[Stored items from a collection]
◇ ◇ ◇
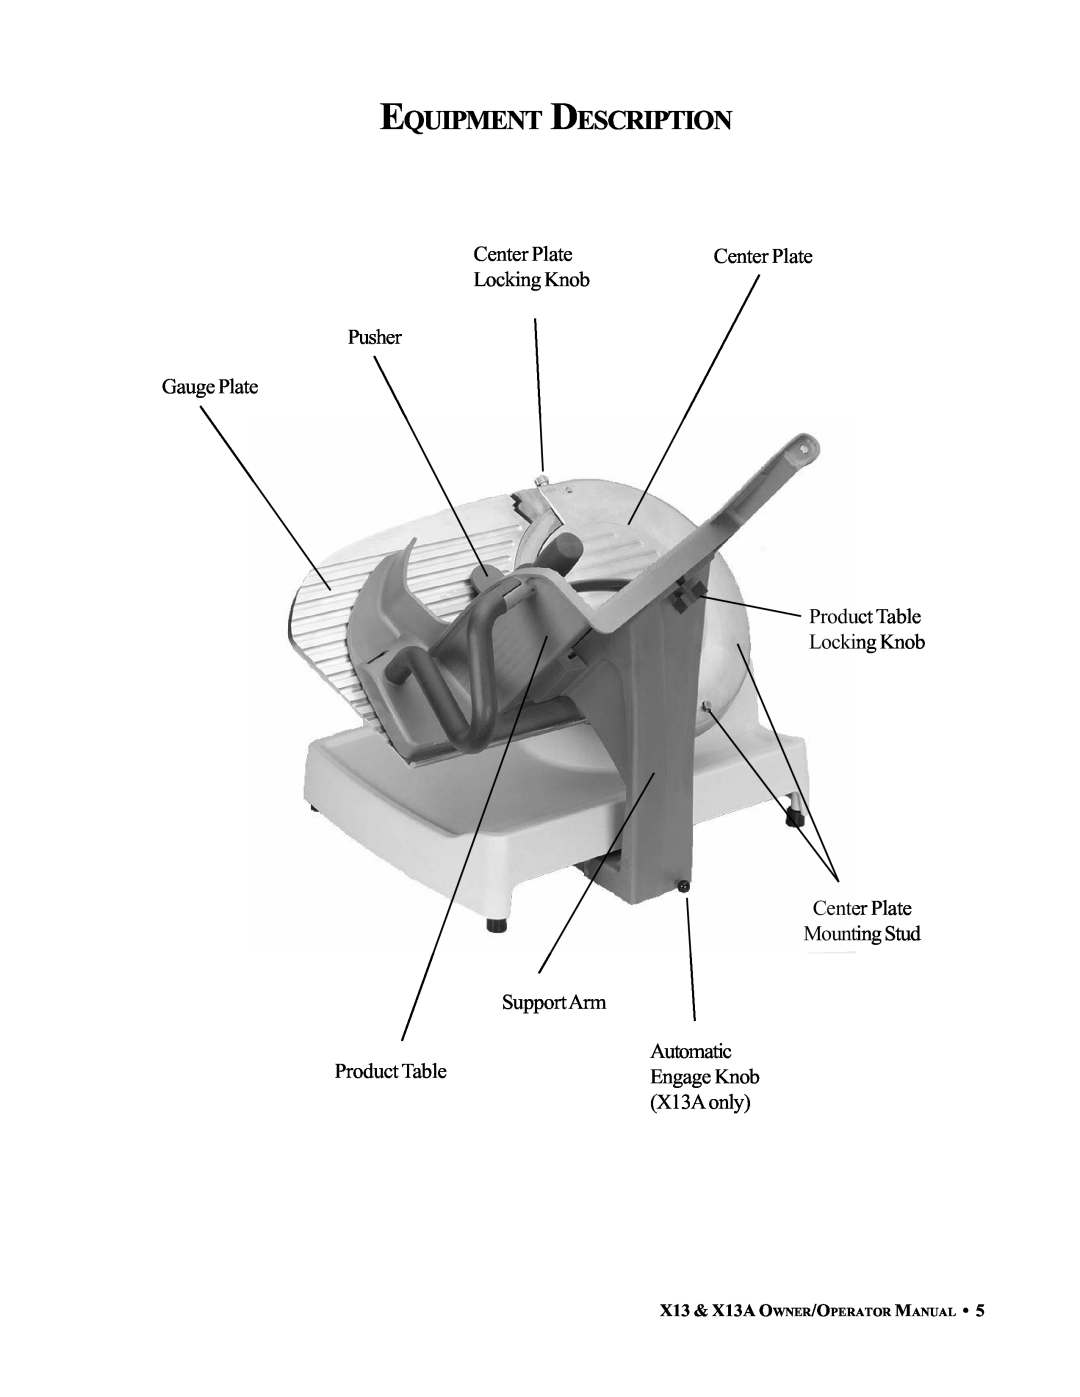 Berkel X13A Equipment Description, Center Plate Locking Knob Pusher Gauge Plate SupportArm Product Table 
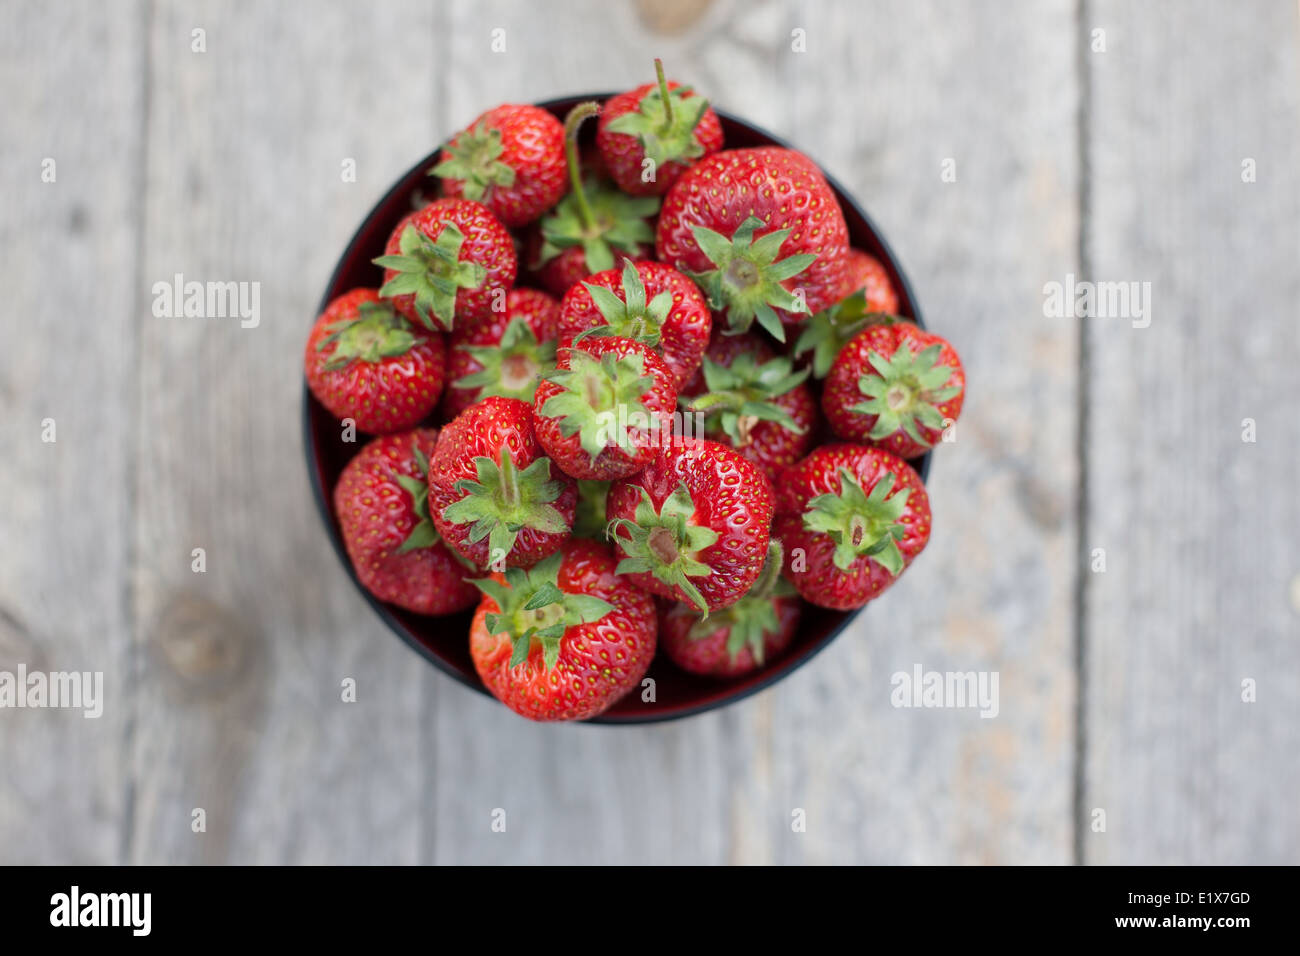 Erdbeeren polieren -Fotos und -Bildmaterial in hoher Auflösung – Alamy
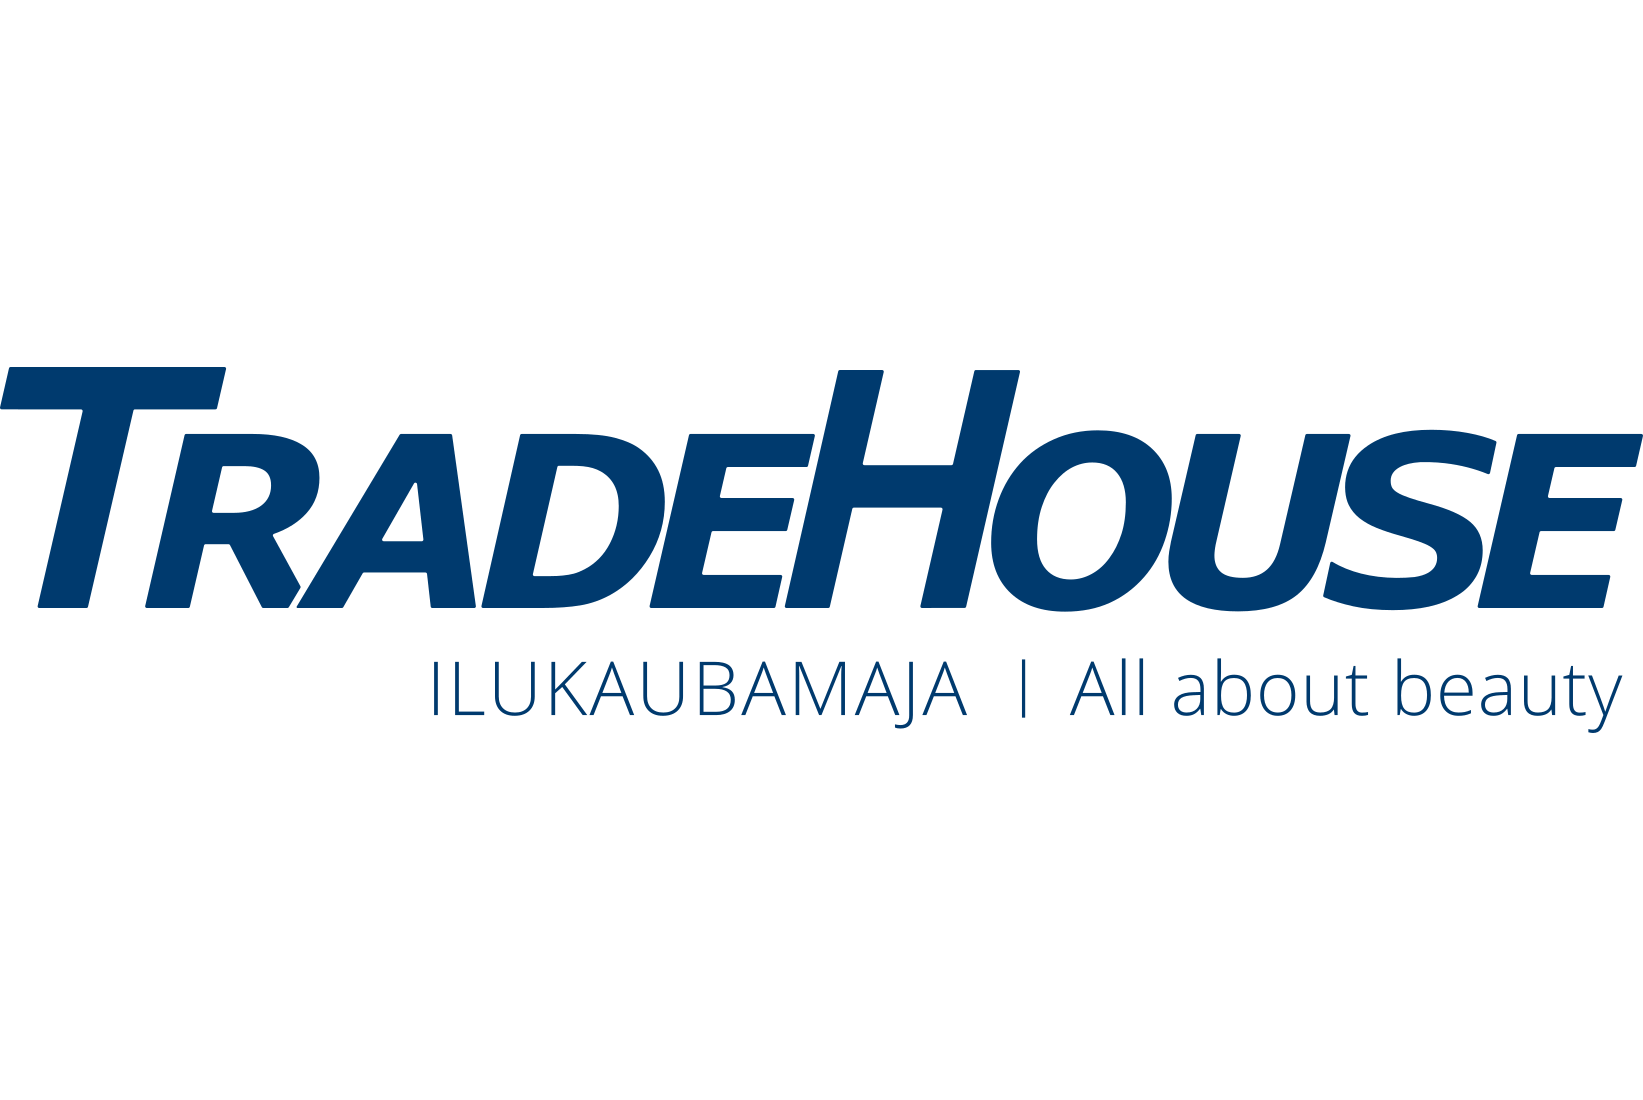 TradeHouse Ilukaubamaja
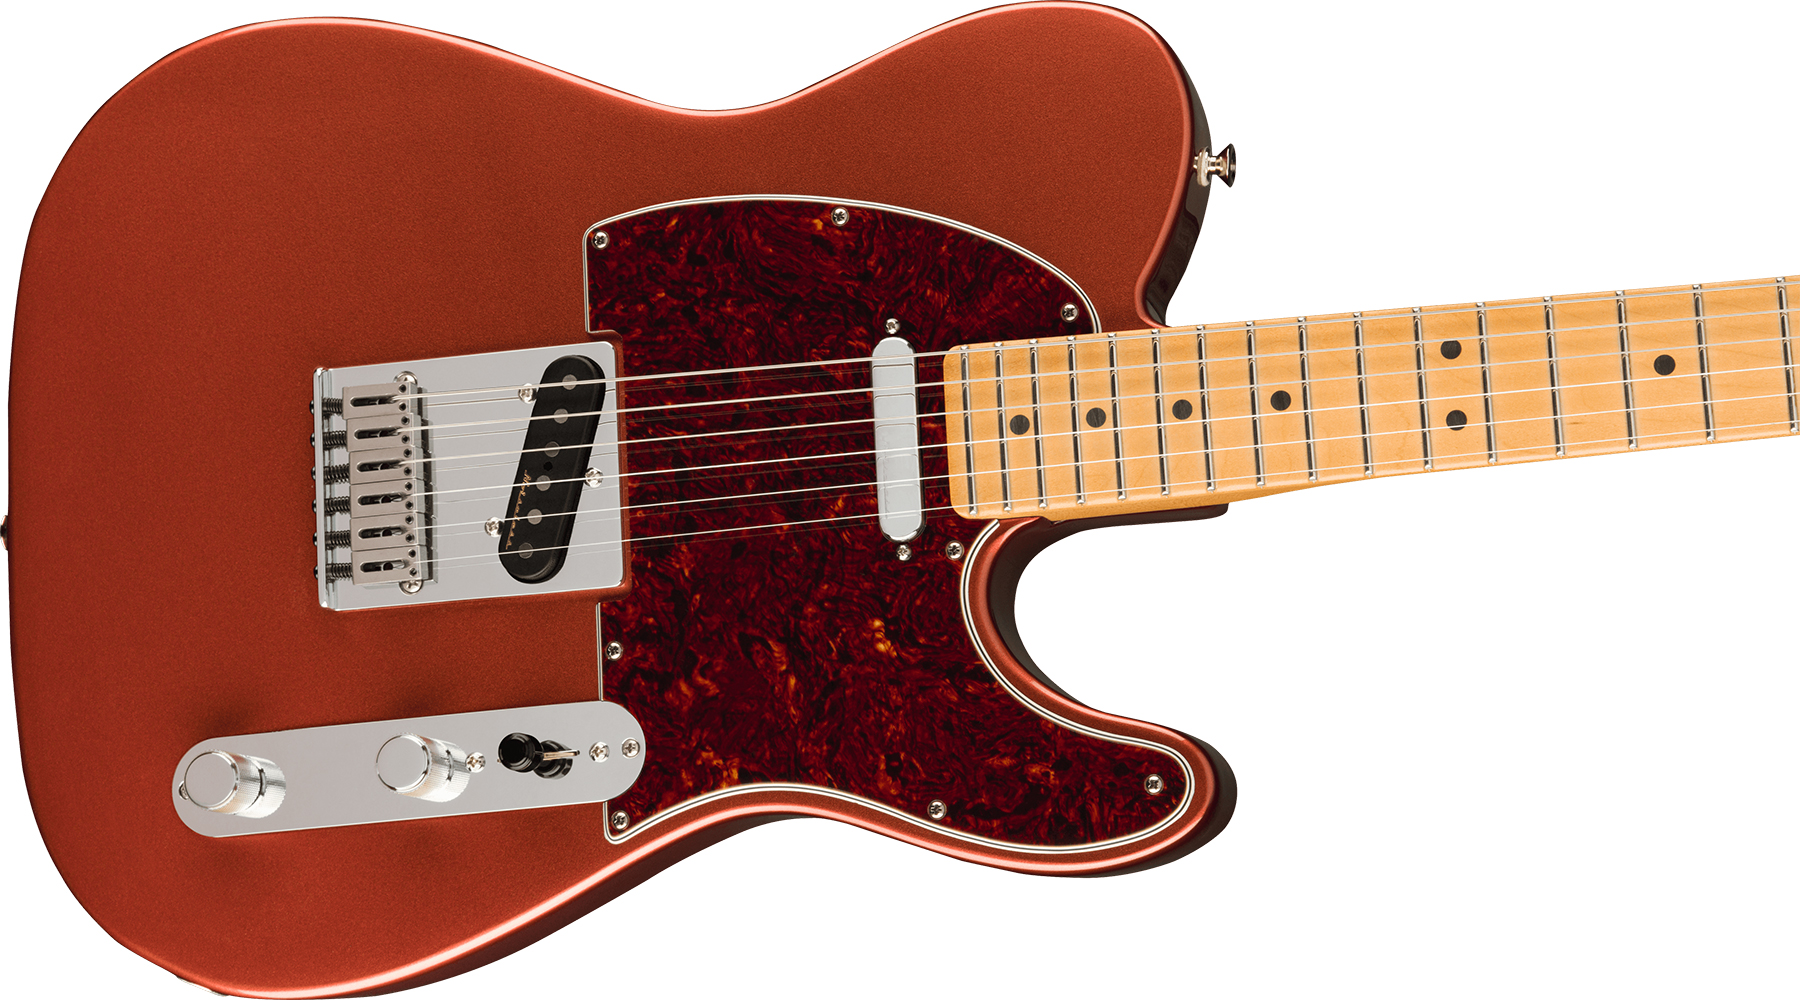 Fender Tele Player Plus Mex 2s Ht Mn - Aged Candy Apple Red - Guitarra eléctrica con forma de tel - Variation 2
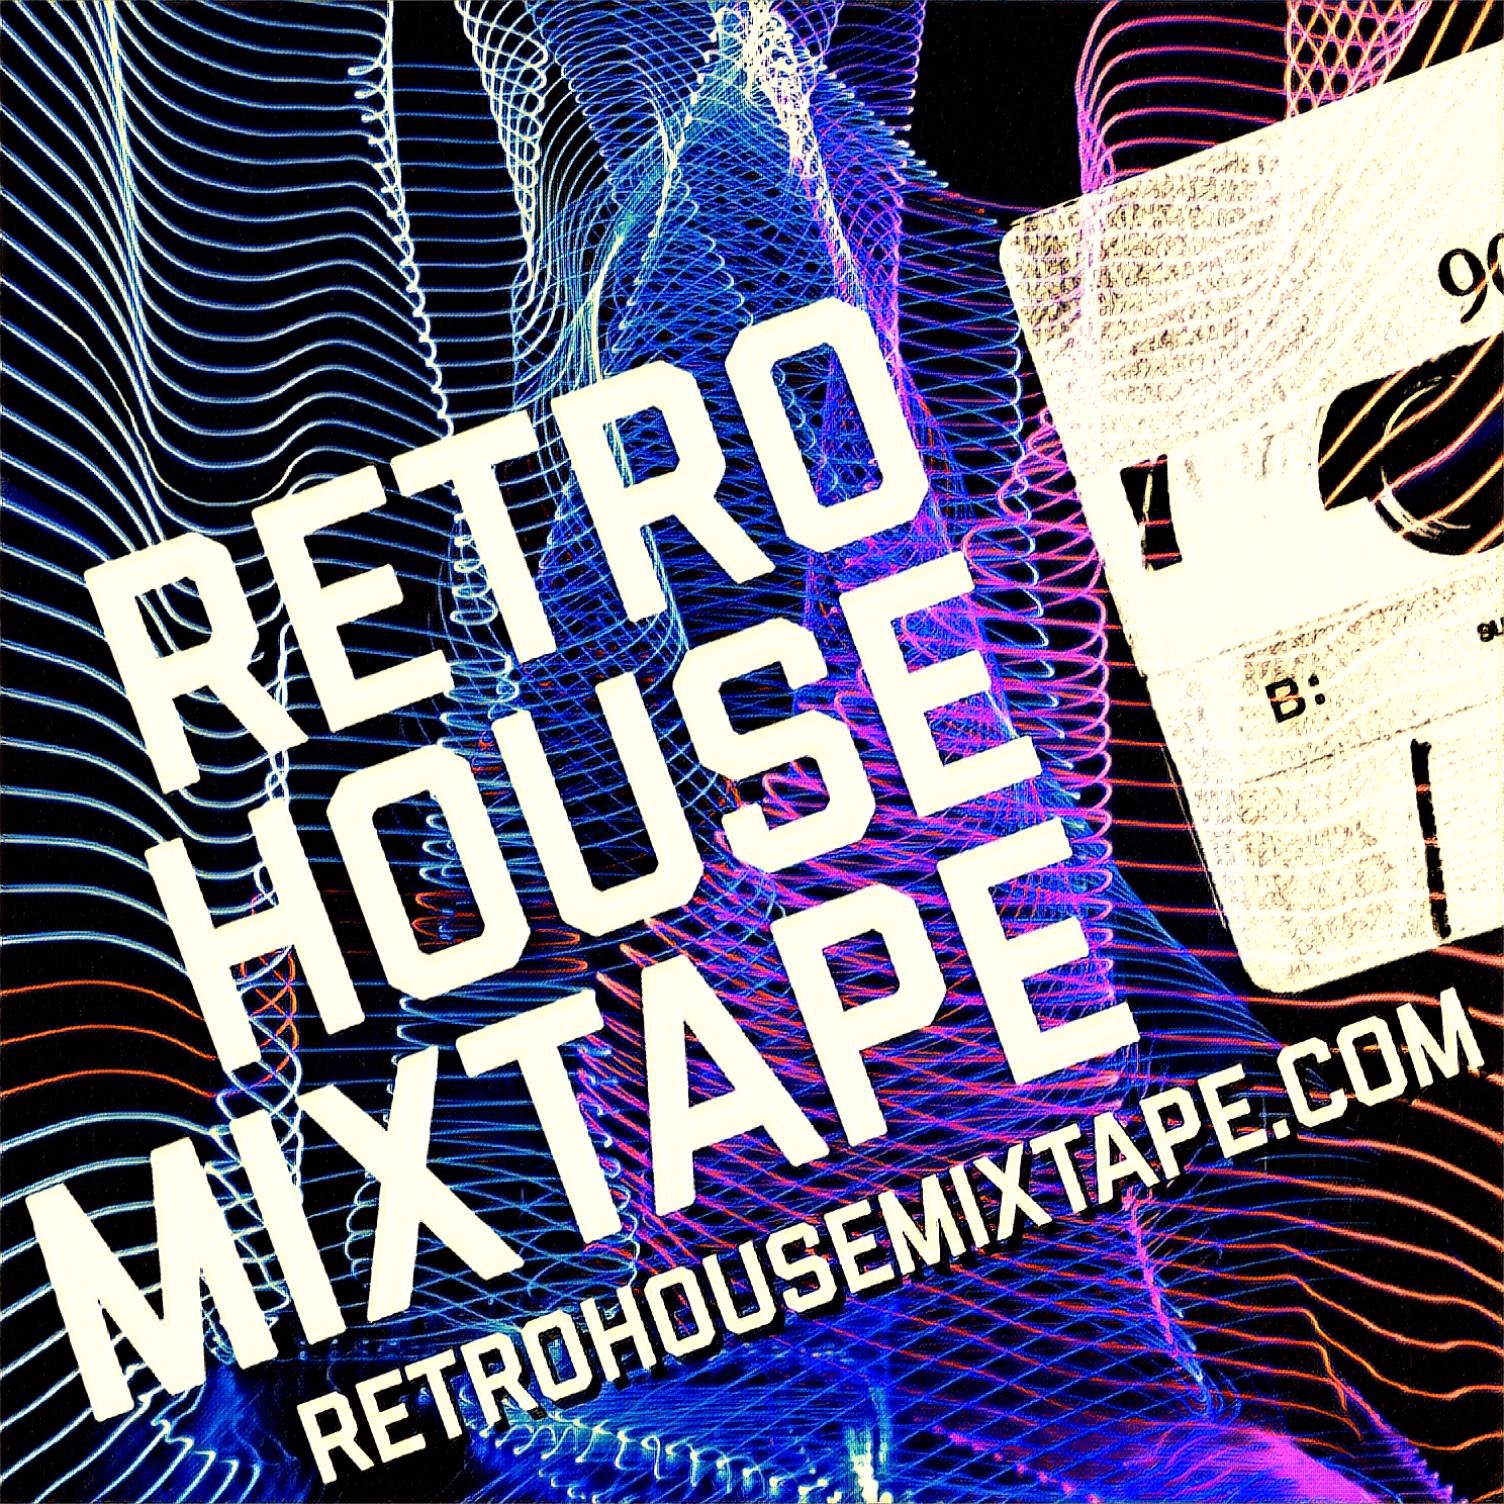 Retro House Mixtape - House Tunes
◇ ◇ ◇
Omit every picture, then repeat the remaining data exactly as it appears above.

 Berkel X13A Equipment Description, Center Plate Locking Knob Pusher Gauge Plate SupportArm Product Table 
 Erdbeeren polieren -Fotos und -Bildmaterial in hoher Auflösung – Alamy
 TradeHouse Ilukaubamaja
 Fender Tele Player Plus Mex 2s Ht Mn - Aged Candy Apple Red - Guitarra eléctrica con forma de tel - Variation 2
 Retro House Mixtape - House Tunes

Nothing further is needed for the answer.